In high school, our coach used to say to the team: I don’t know means I don’t care. He never wanted us to answer him with “I don’t know.” Because let’s be honest, if you really don’t know the answer, you’ll find a way to figure it out….if you actually care. There’s nothing worse than asking a question and receiving the reply: “I don’t know.” #Cringeworthy – seriously. Your clients want action or a resolution to a problem. If you’re not certain of an answer to a question during a presentation (or in life, for that matter), a stronger reply would be: “Let me research that and get back to you.” And of course, be sure that you do! 

At MC2, we are a team of creatives.

From graphic artists to website designers to copywriters – we put our heart and soul into our client work.

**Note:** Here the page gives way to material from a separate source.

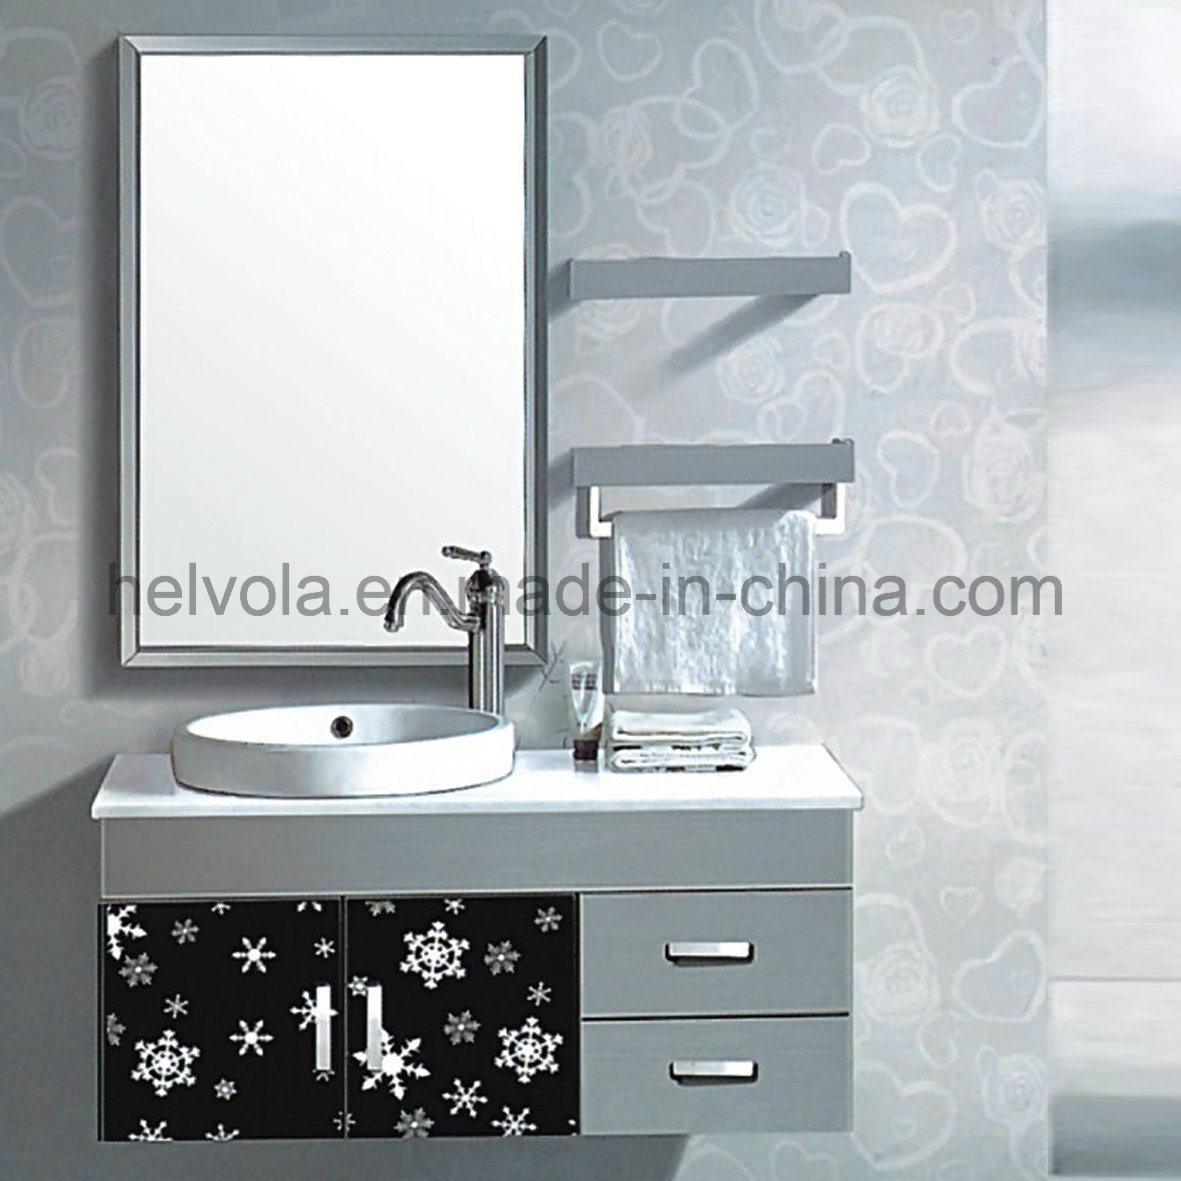 China Sanitary Ware Bathroom Basin Accessories Cabinet Bathroom ...

So from one team to another, we share this guidance in the hopes it will help inspire you to be more confident during your next client presentation. If you’re like us, we absolutely welcome and thrive on feedback and collaboration from our clients! But we also recognize that our clients trust us to confidently and professionally present our deliverables in a way that reassures them they hired the best team for the job. Now go get ‘em, tiger. You got this!